> Task instructions:
Copy out exactly, from the entries that follow, the line holding "Matrix Led Lamp Led", the line holding "wallpaper tattoo colourful - photo #42", and all lines between them, but no pictures.

> Records for this task:
>>

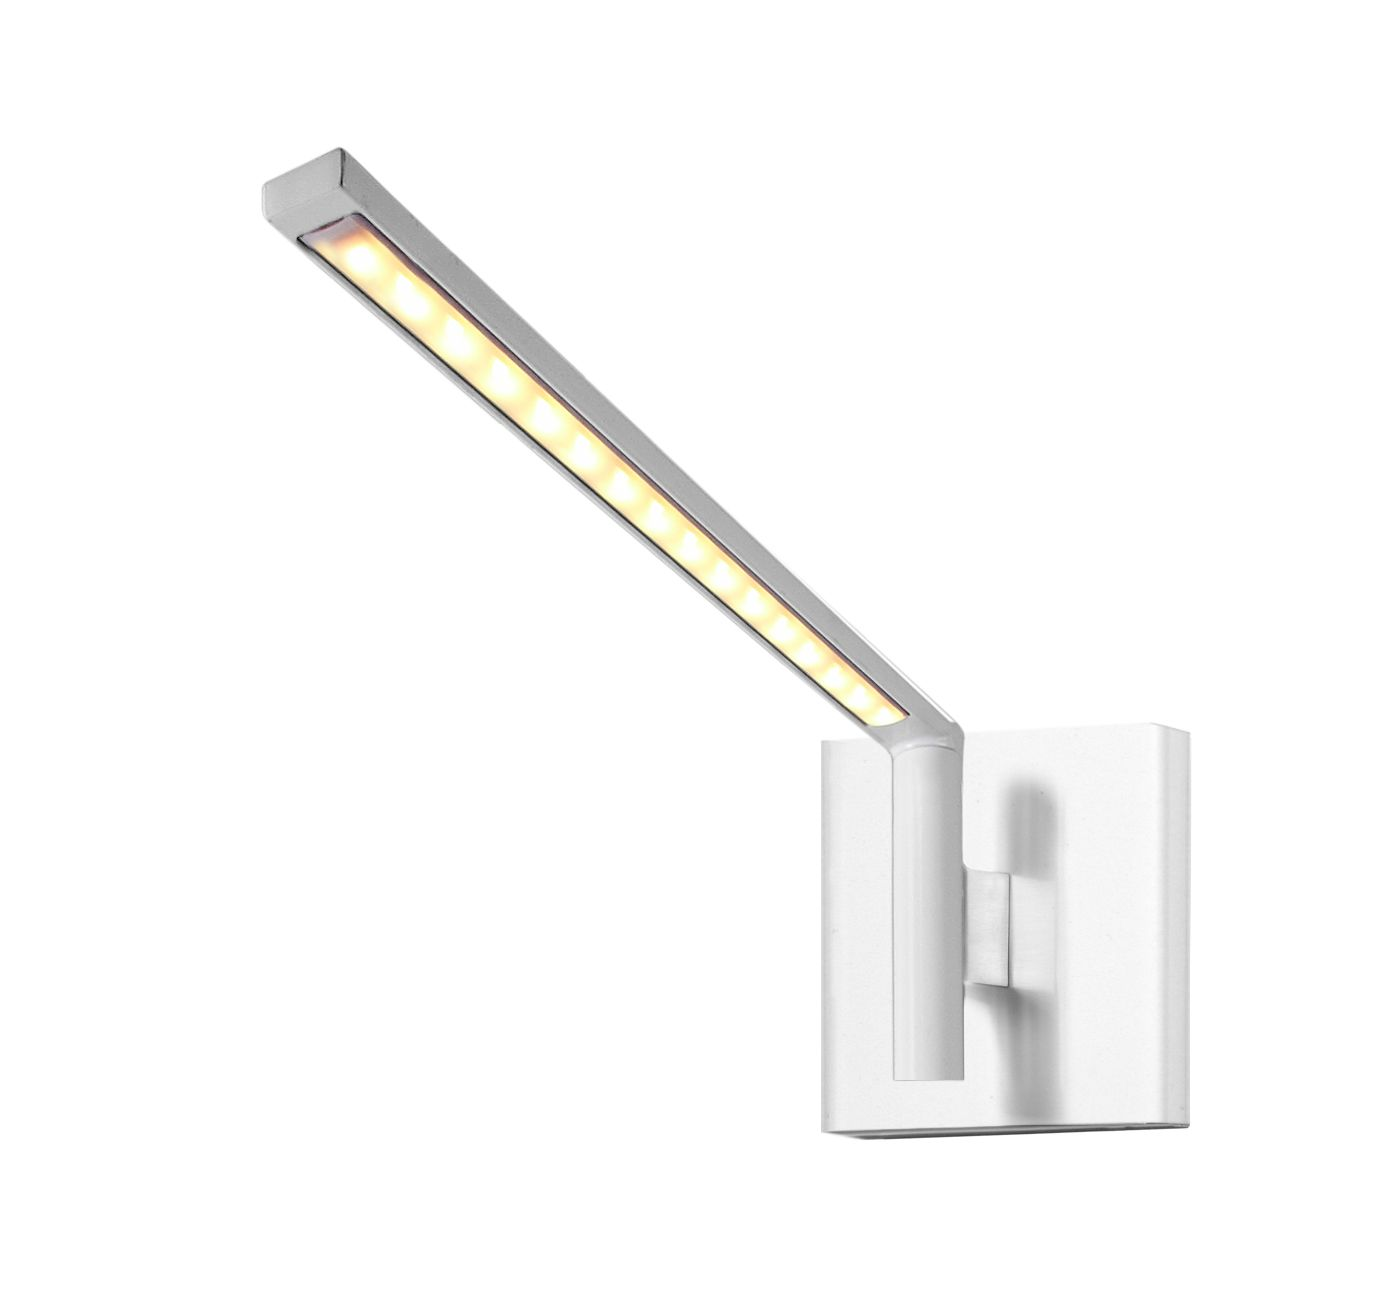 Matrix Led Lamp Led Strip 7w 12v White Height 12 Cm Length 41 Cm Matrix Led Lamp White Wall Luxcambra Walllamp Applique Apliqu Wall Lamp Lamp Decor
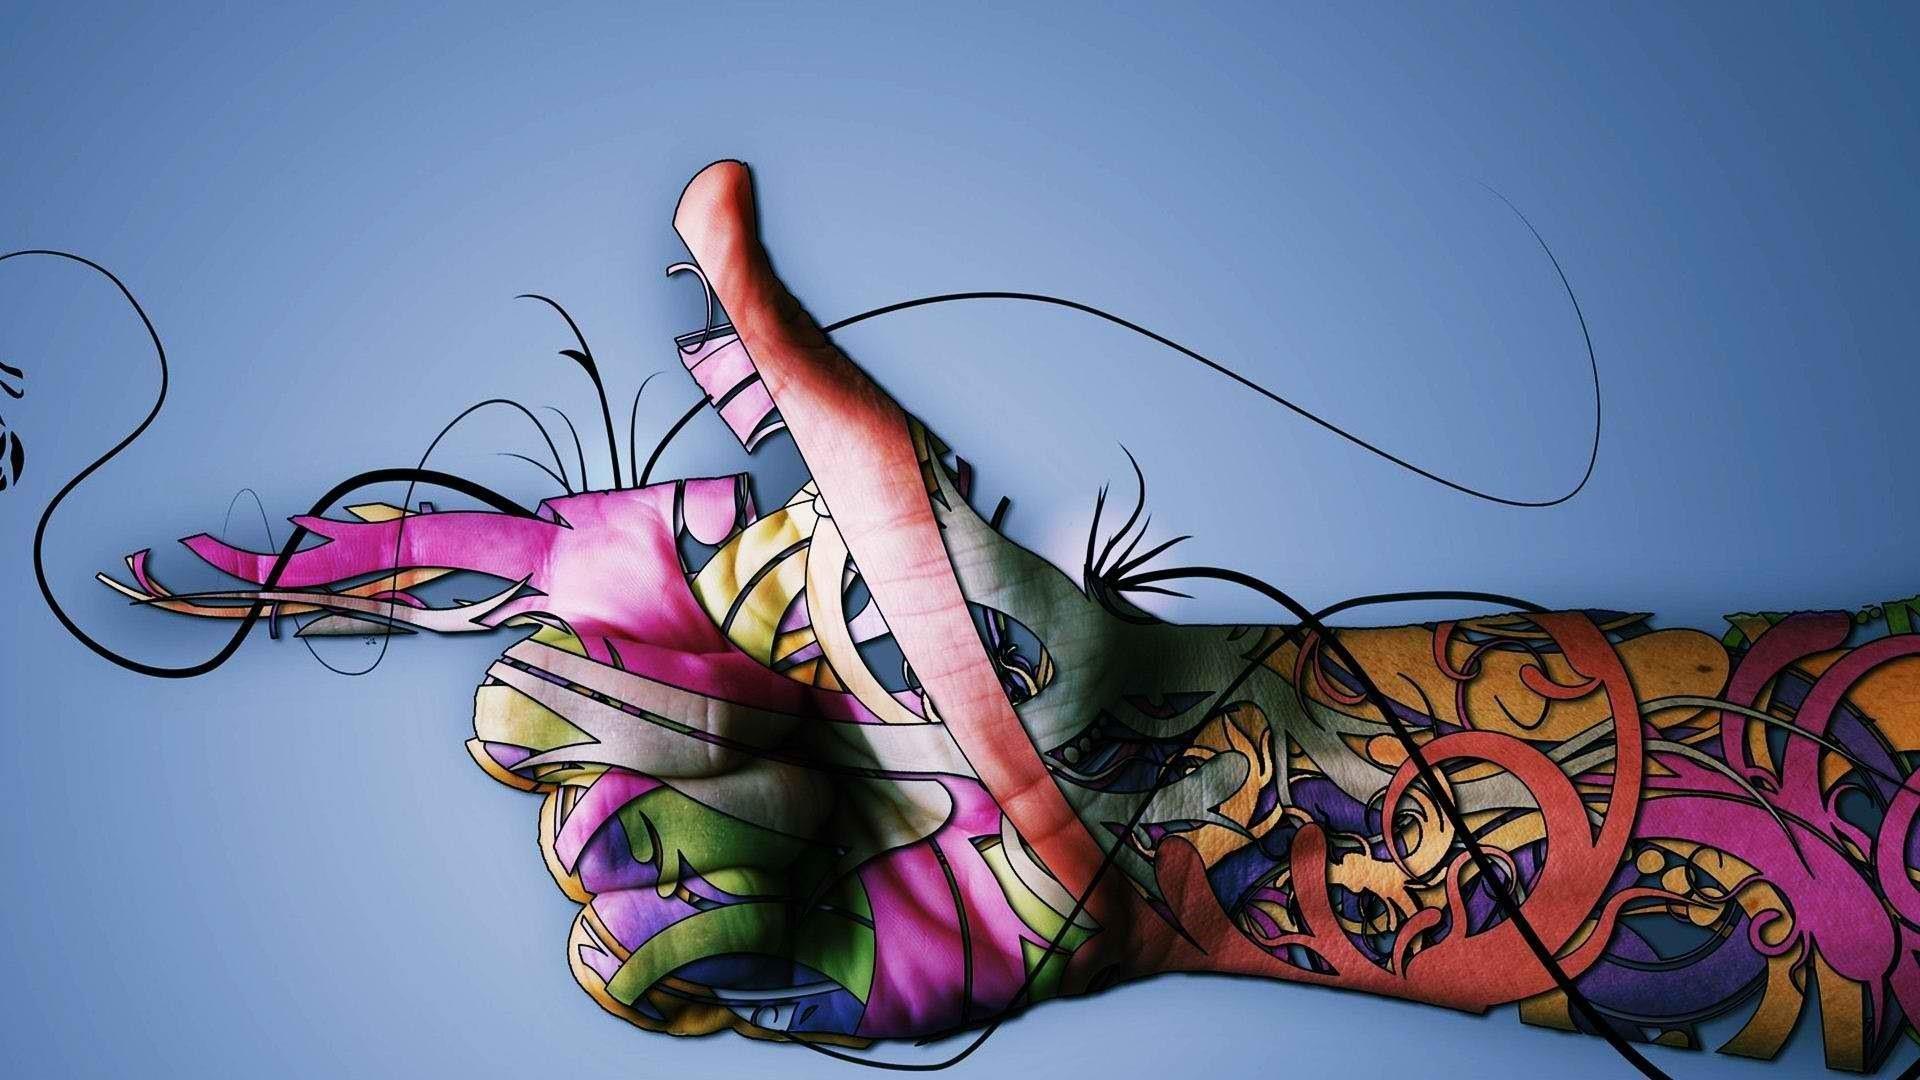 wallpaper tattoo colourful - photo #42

<<
>>

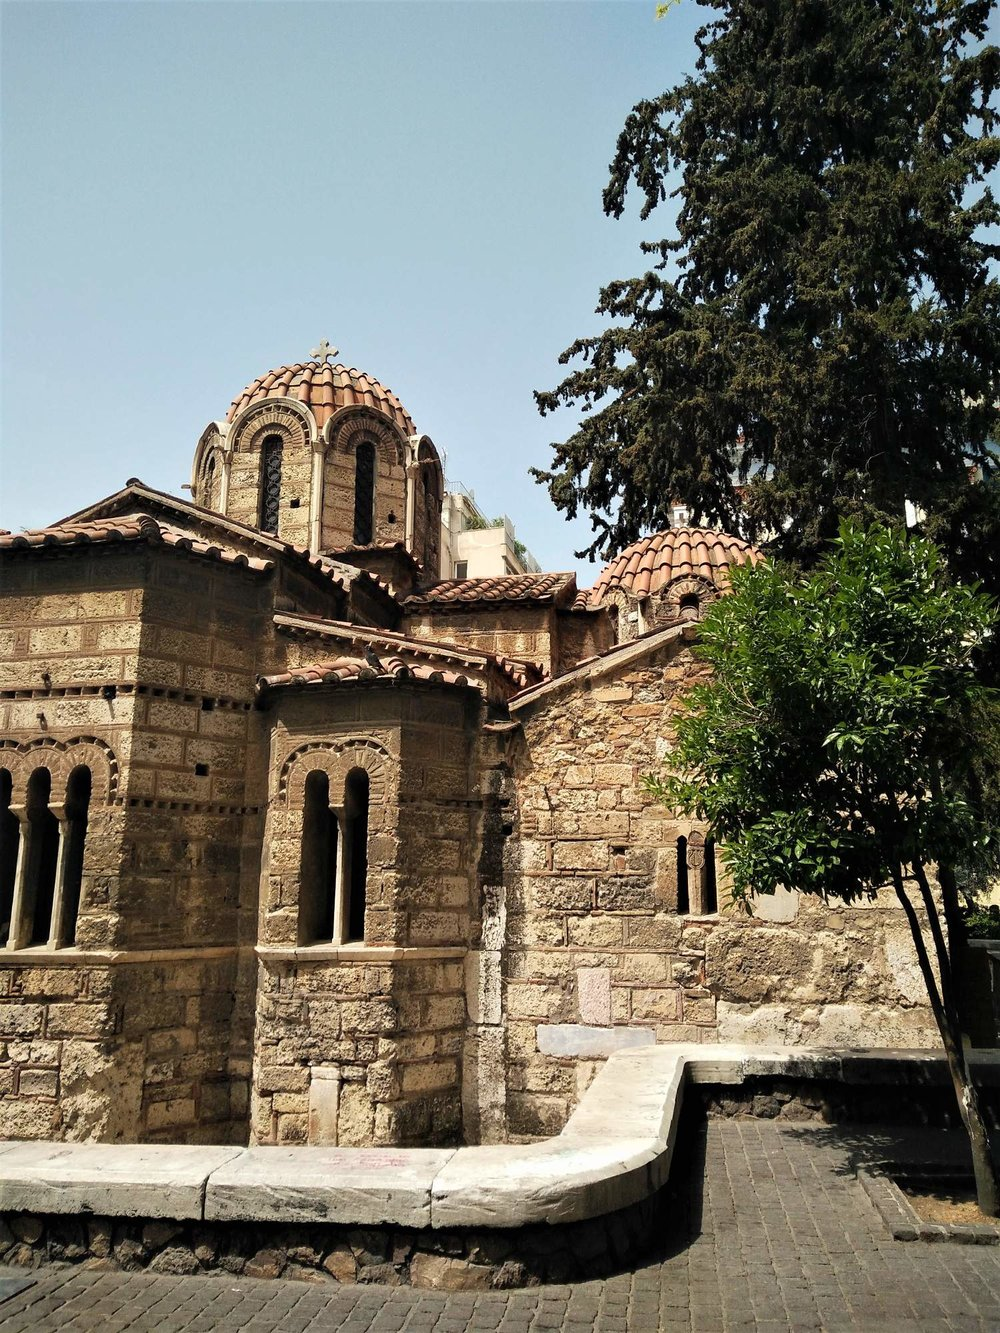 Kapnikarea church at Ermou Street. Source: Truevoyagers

<<

> Written answer:
 Matrix Led Lamp Led Strip 7w 12v White Height 12 Cm Length 41 Cm Matrix Led Lamp White Wall Luxcambra Walllamp Applique Apliqu Wall Lamp Lamp Decor
 wallpaper tattoo colourful - photo #42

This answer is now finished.